*DESCRIPTION OF THE TASK*.
For this exercise, retype the lines from the one that holds "The Story Church Resource Kit" through the one that holds "Short Dictionary of" in the records below, both included, exactly and without pictures.

*RECORDS TO PROCESS*.
****************

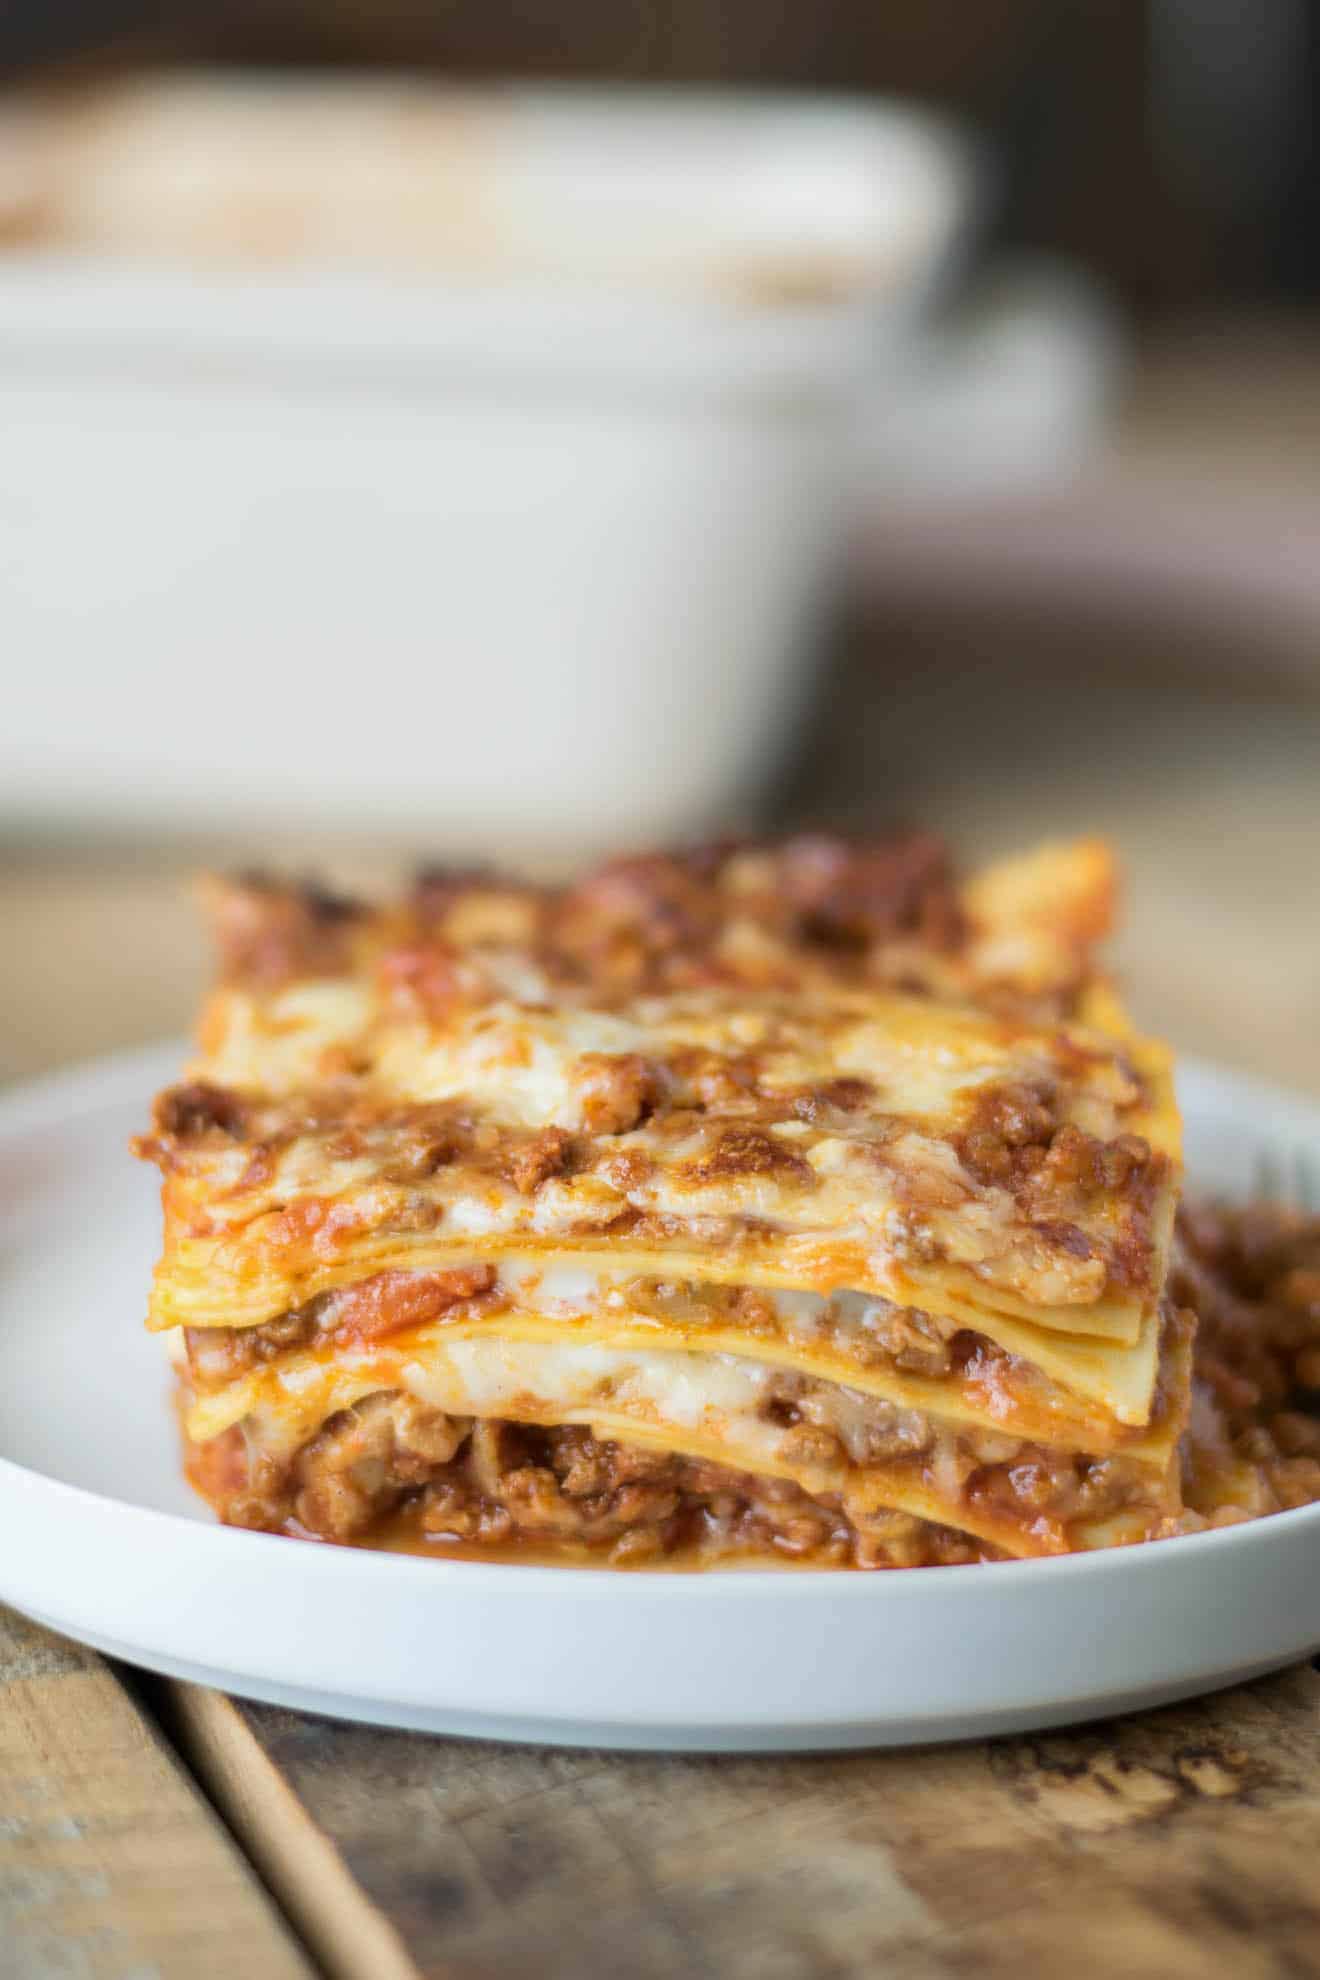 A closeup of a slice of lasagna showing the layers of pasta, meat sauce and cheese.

****************

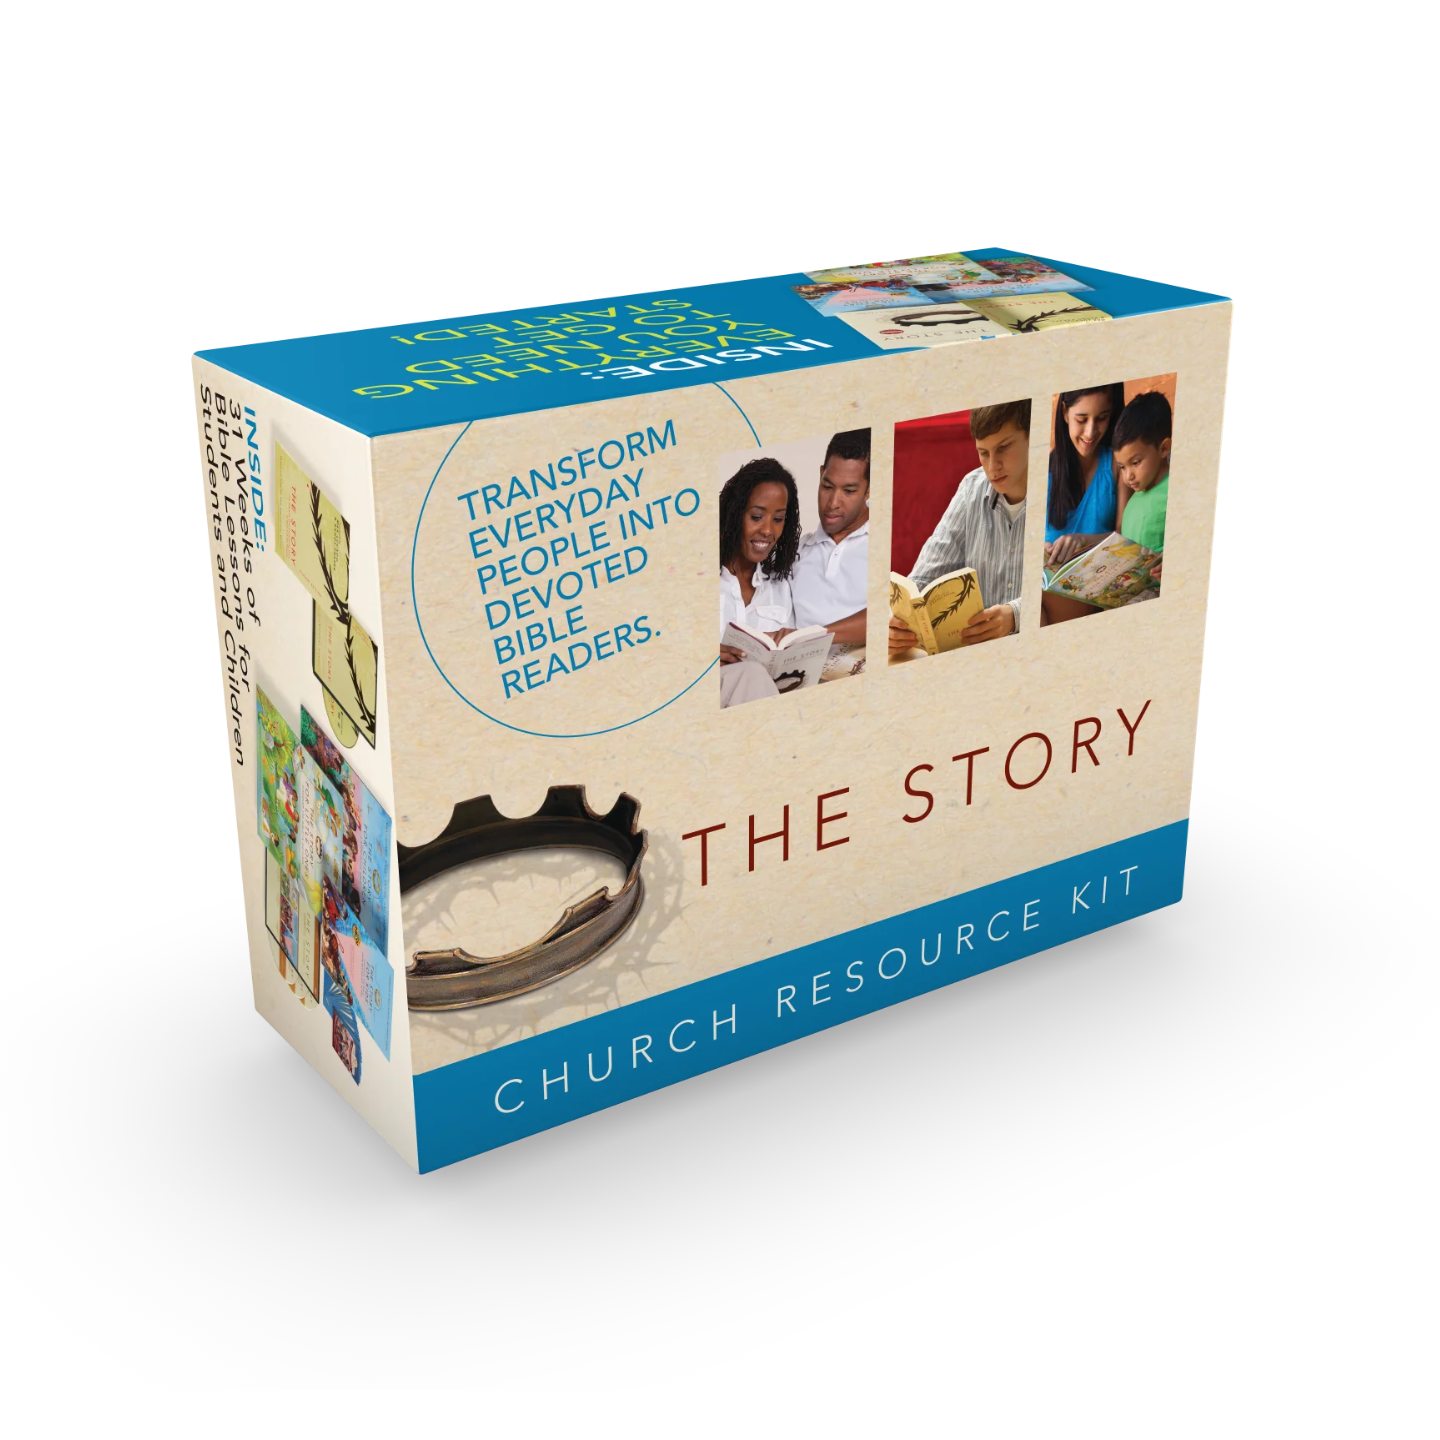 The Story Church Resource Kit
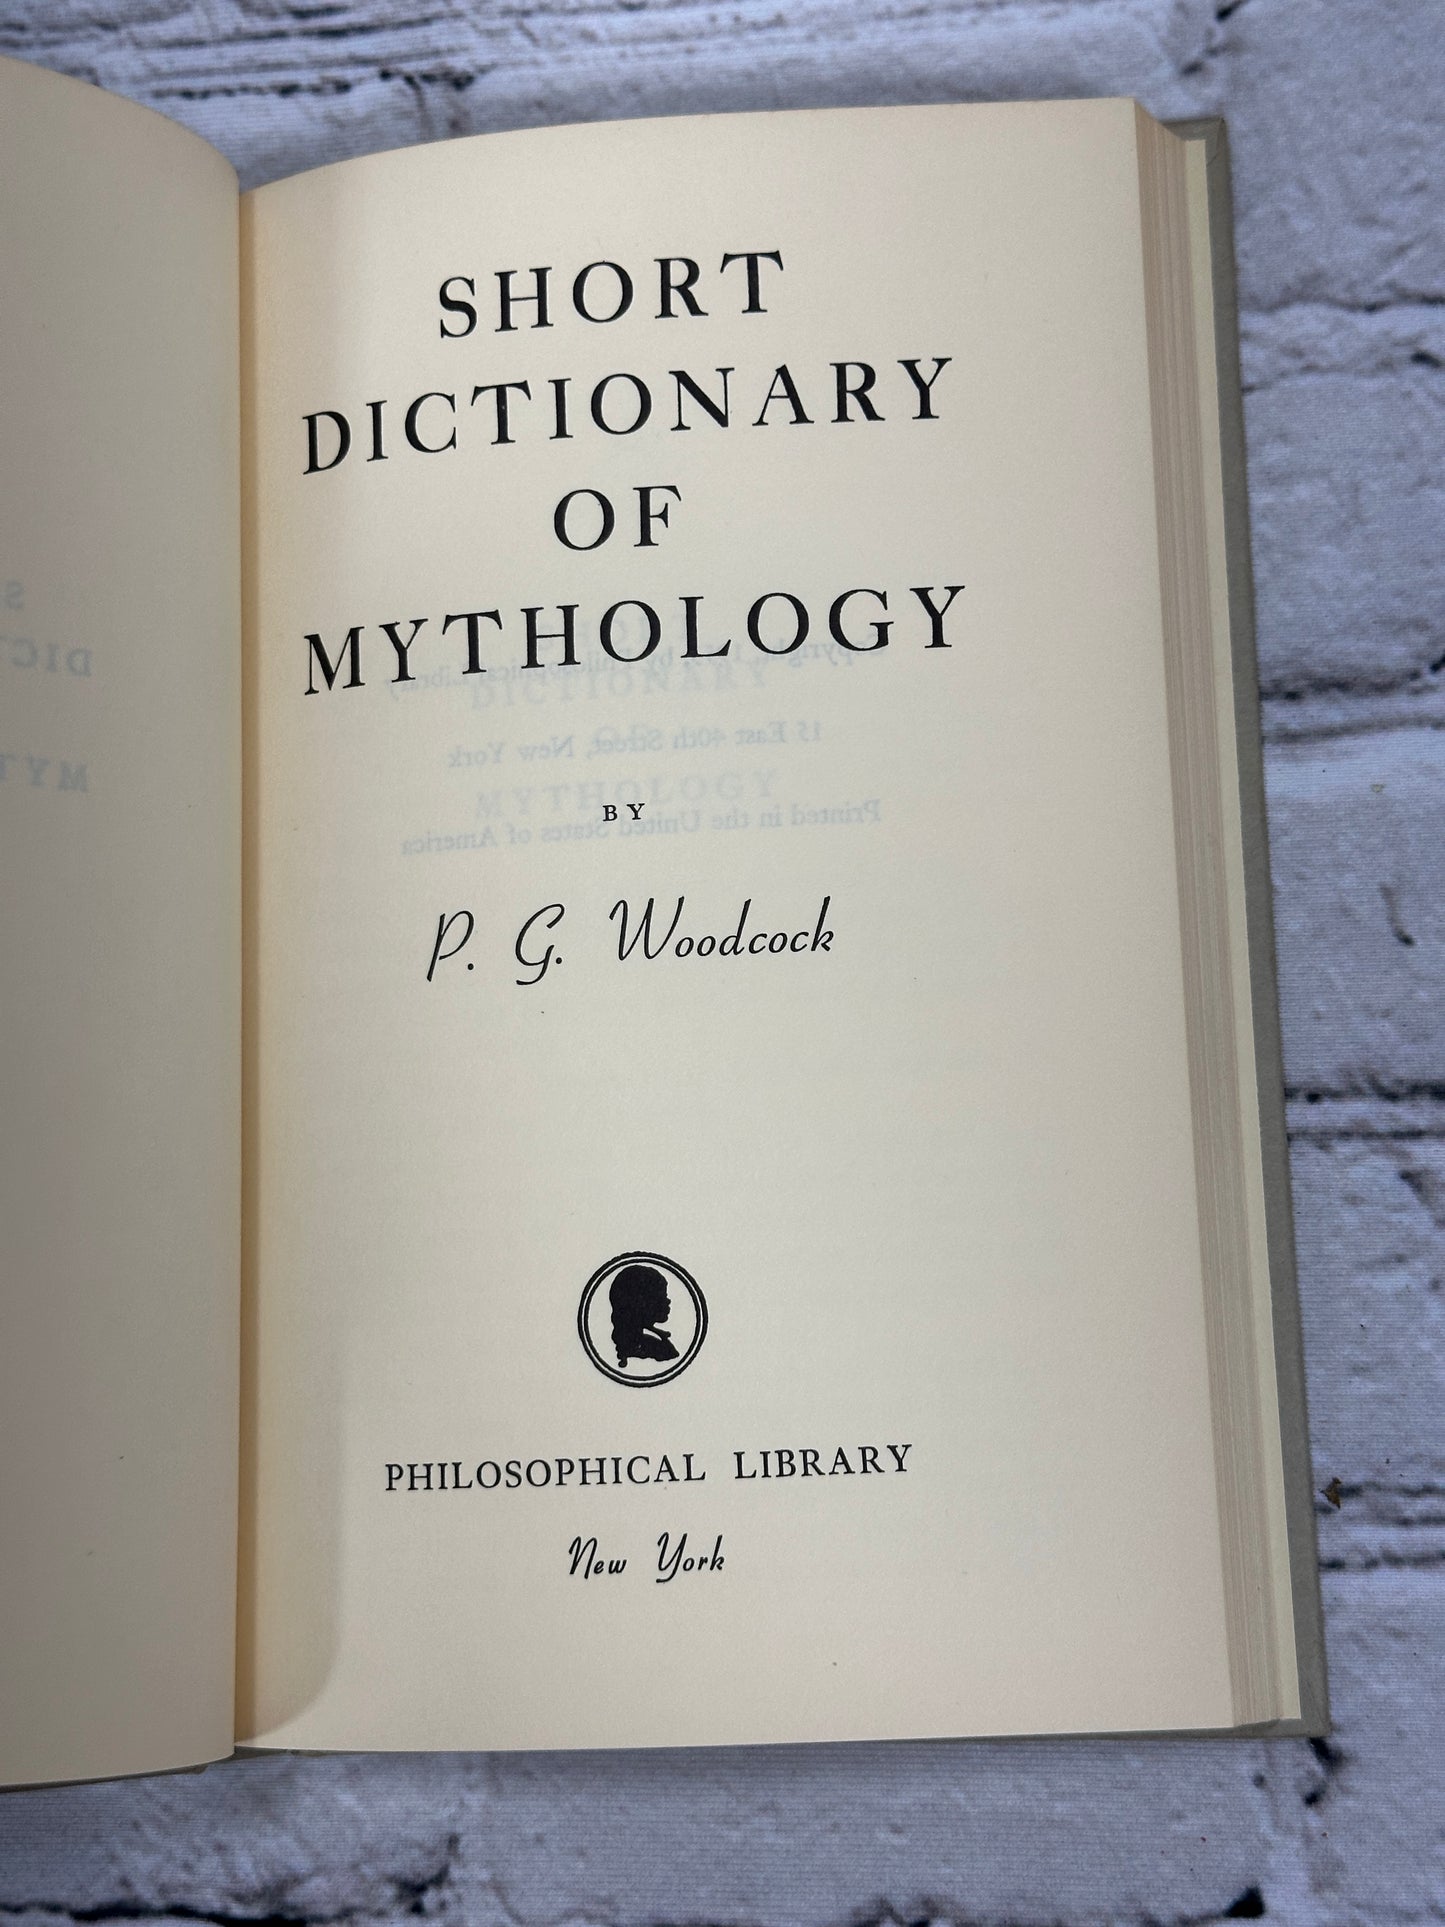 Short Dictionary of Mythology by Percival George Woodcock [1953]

****************

*ANSWER SECTION*.
 The Story Church Resource Kit
 Short Dictionary of Mythology by Percival George Woodcock [1953]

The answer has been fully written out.